Allison, Nathaniel Thompson. History of Cherokee County, Kansas, and Representative Citizens. Chicago, IL: Biographical Publishing Co., 1904. Online index created by Carolyn Ward, instructor at USD 508, Baxter Springs Middle School, Baxter Springs, Kansas, and State Coordinator for The KSGenWeb Project.

George W. Douglass

GEORGE W. DOUGLASS, a prosperous farmer of Cherokee County, who is located on a good farm in section 13, township 33, range 24, in Crawford township, was born in 1853 in Lucas County, Iowa, and is a son of Milton and Samantha (Bales) Douglass.

The father of Mr. Douglass was born in 1818 in Indiana and after his marriage on December 29, 1839, settled down to farming until 1851, when he moved to Iowa, taking with him his teams and household possessions.

In 1868 he again moved Westward, and located, with his wife and their 10 children, in Cherokee County, Kansas. He secured the southeast quarter of section 12 in Crawford township. He was one of the earliest settlers in this section, and at that time no one could have been found rash enough to predict that the present bustling city of Columbus would grow up on the prairie wilderness. His death took place July 26, 1897, at the age of 79 years. His wife was born in 1823, and died on the home farm in Crawford township, Cherokee County, January 23, 1899. For several terms Milton Douglass served as a member of the Board of County Commissioners of Cherokee County, and he assisted in the organization of the Republican party, while in Iowa. This party he continued to support until President Grant's second administration. He was one of the leading members of the Baptist Church in Lucas County, Iowa. He was the father of 12 children, namely: Mrs. Melinda Lane, born June 2, 1841, who lives in Columbus; Mrs. Eliza Vincent, born May 21, 1843, who resides in Britton, Oklahoma; Martin, born June 26, 1845, who resides at Oswego, Kansas; Sylvia, born October 17, 1847, who died, aged 11 months; Lloyd Judd, born September 11, 1849, who lives at Crestline, Kansas; George W., who was born June 16, 1853; Mrs. Elizabeth A. Owens, born November 20, 1855, who lives near Crestline; Joseph Benson, born April 9, 1858, who resides at Victor, Colorado; Charles Ellsworth born April 22, 1861, who was killed at Afton, Indian Territory, September 7, 1896; Noah Milton, born June 28, 1863, who resides at Shawnee, Oklahoma; William Walter, born January 27, 1867, who lives in Crawford township; and one child who died in infancy. The subject of this sketch has passed the greater part of his life in Cherokee County, the years 1874 and 1875, however, having been spent in Southeastern Missouri. Since he reached the age of 20 years, he has made his way in the world without outside assistance, and has met with deserved success. He is one of the substantial farmers and most highly respected citizens of Crawford township.

On November 26, 1882. Mr.
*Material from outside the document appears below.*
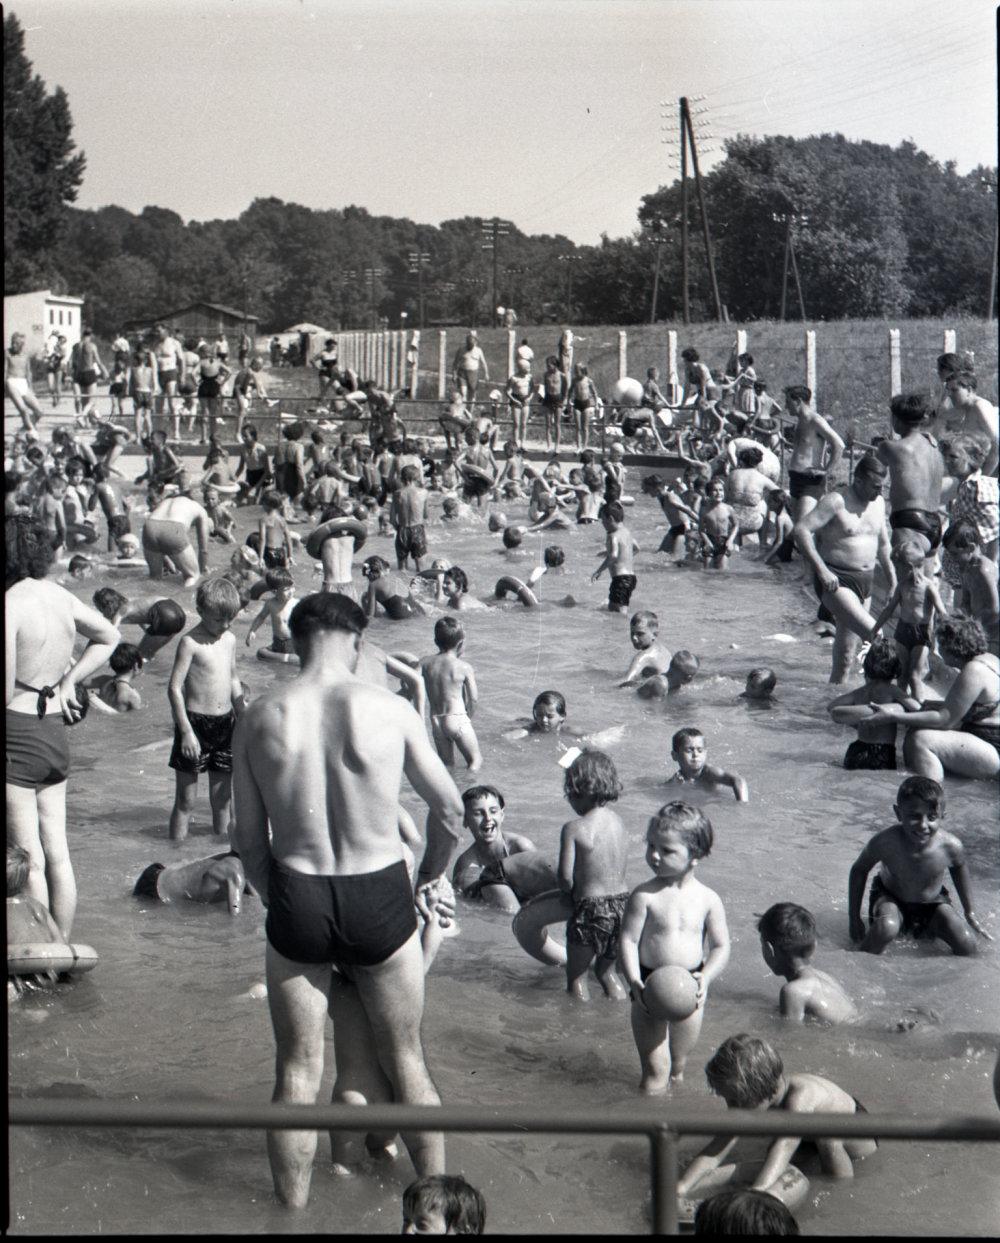 073_07 kupalisko LIDO v Petrzalke r1956

Douglass was married to Thula Ellis, who was born in Cocke County, Tennessee, August 6, 1863, and is a daughter of Richard Driskill and Sarah J. (Holdway) Ellis. They came to Cherokee County, Kansas, in April, 1869, and located two miles east of Crestline, where the father still resides, the mother having died in 1876. The three children of Mr. Ellis are: Mrs. Douglass; James Howard, of Columbus; and Elbert Hezekiah, a claim agent for the "Frisco" railroad.
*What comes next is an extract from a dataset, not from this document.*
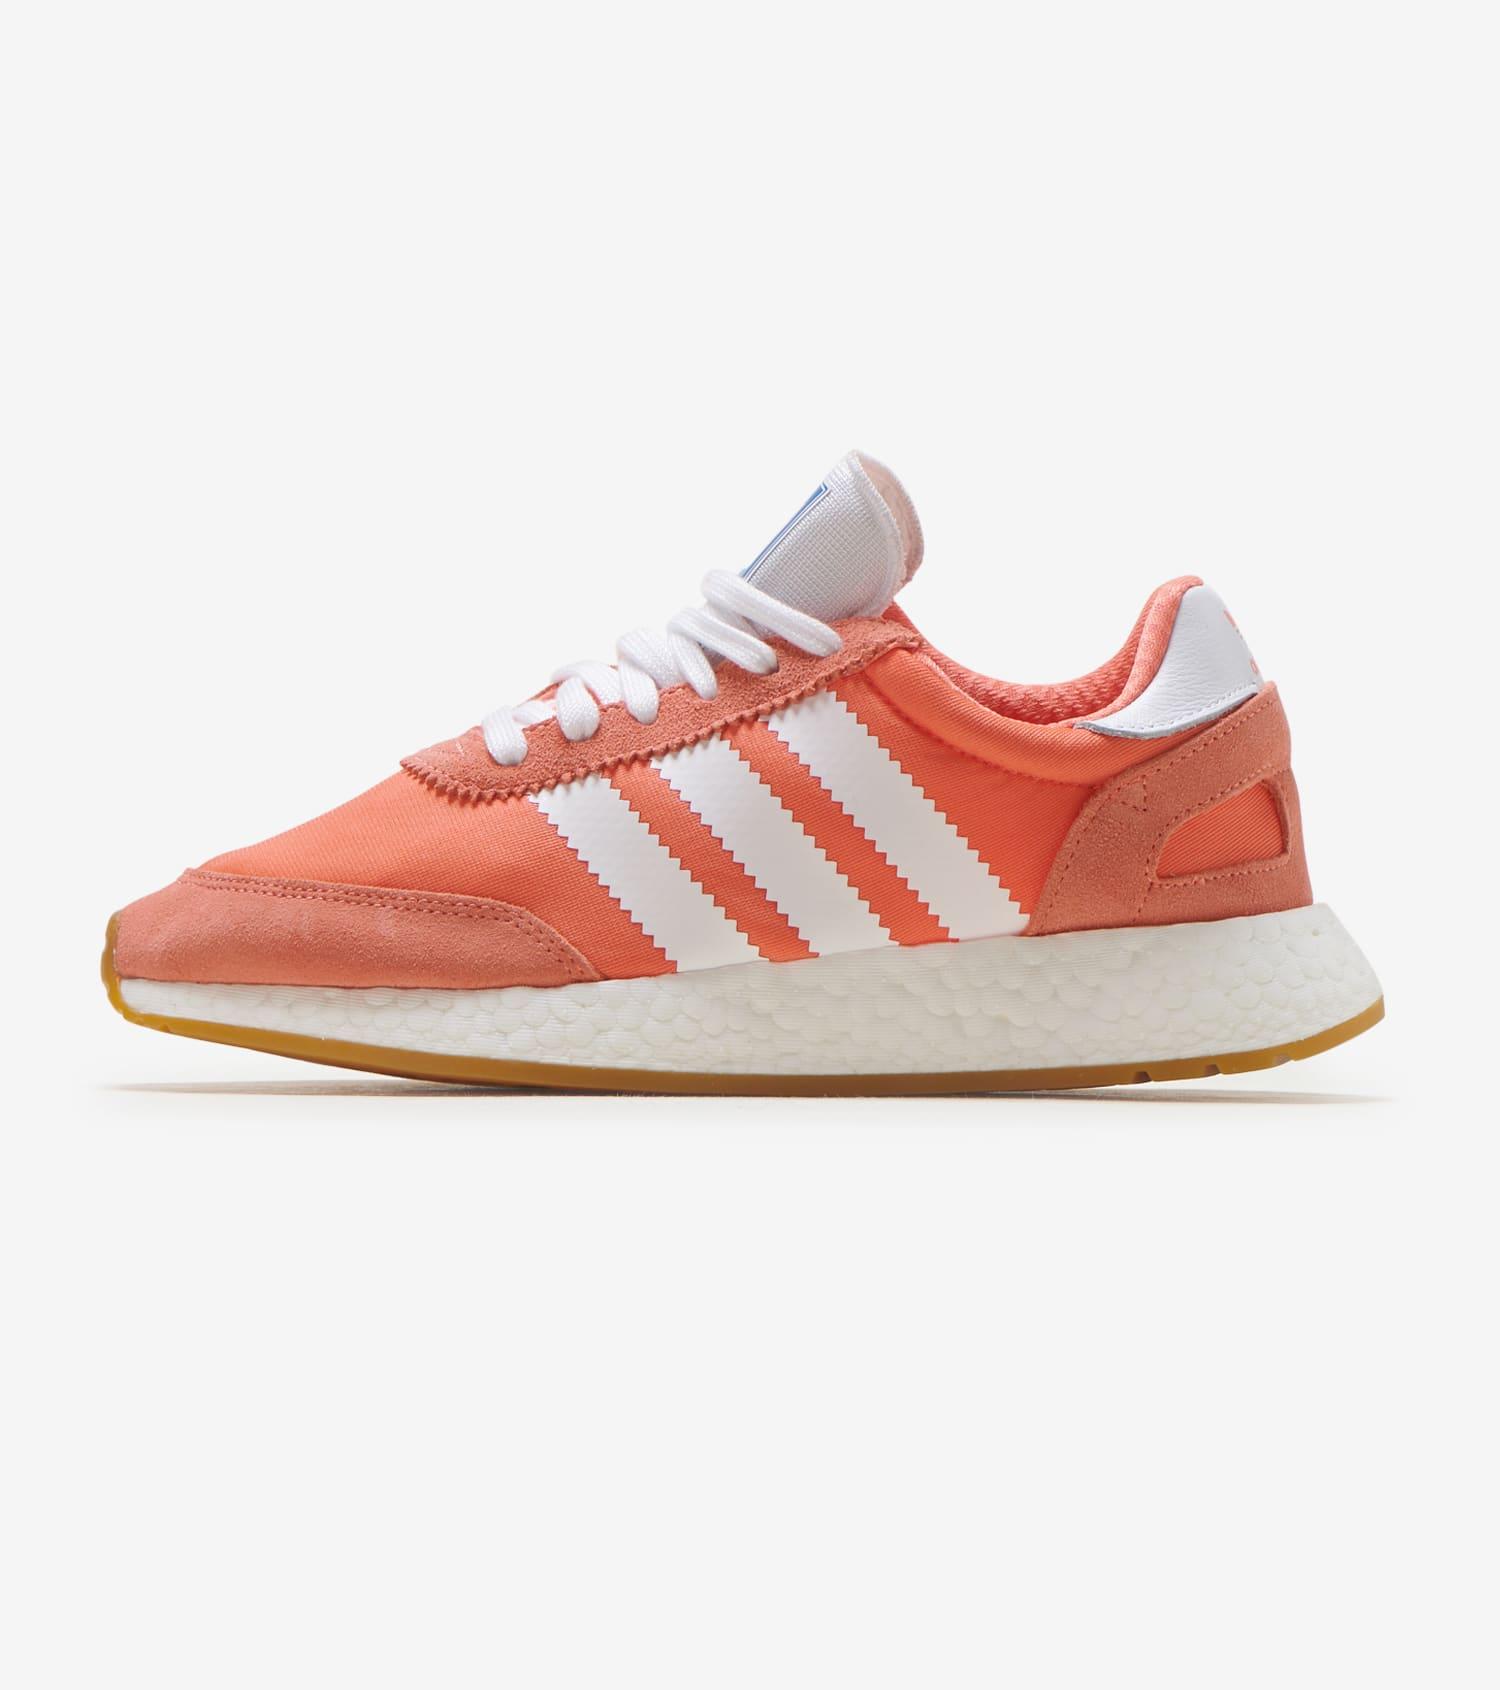 Adidas I 5923 Shoes (Pink) BB6864 | Jimmy Jazz

Mr. and Mrs. Douglass have had four children, namely: Richard L., born February 9, 1884; Sarah E., born September 28, 1886; Walter, born August 27, 1890, who died November 4, 1897; and Arthur Lloyd, born February 27, 1893. The children are all at home, and form a cheerful, intelligent family group. Politically, Mr. Douglass is independent, or, as he facetiously puts it, "an orphan,"—none of the great parties quite meeting the issues which he considers of paramount importance, while he thinks all have excellent ideas in their platforms. He is a man of domestic tastes, enjoys his home and his farm duties, and cares little for outside matters. He is a member of the A.H.T.A.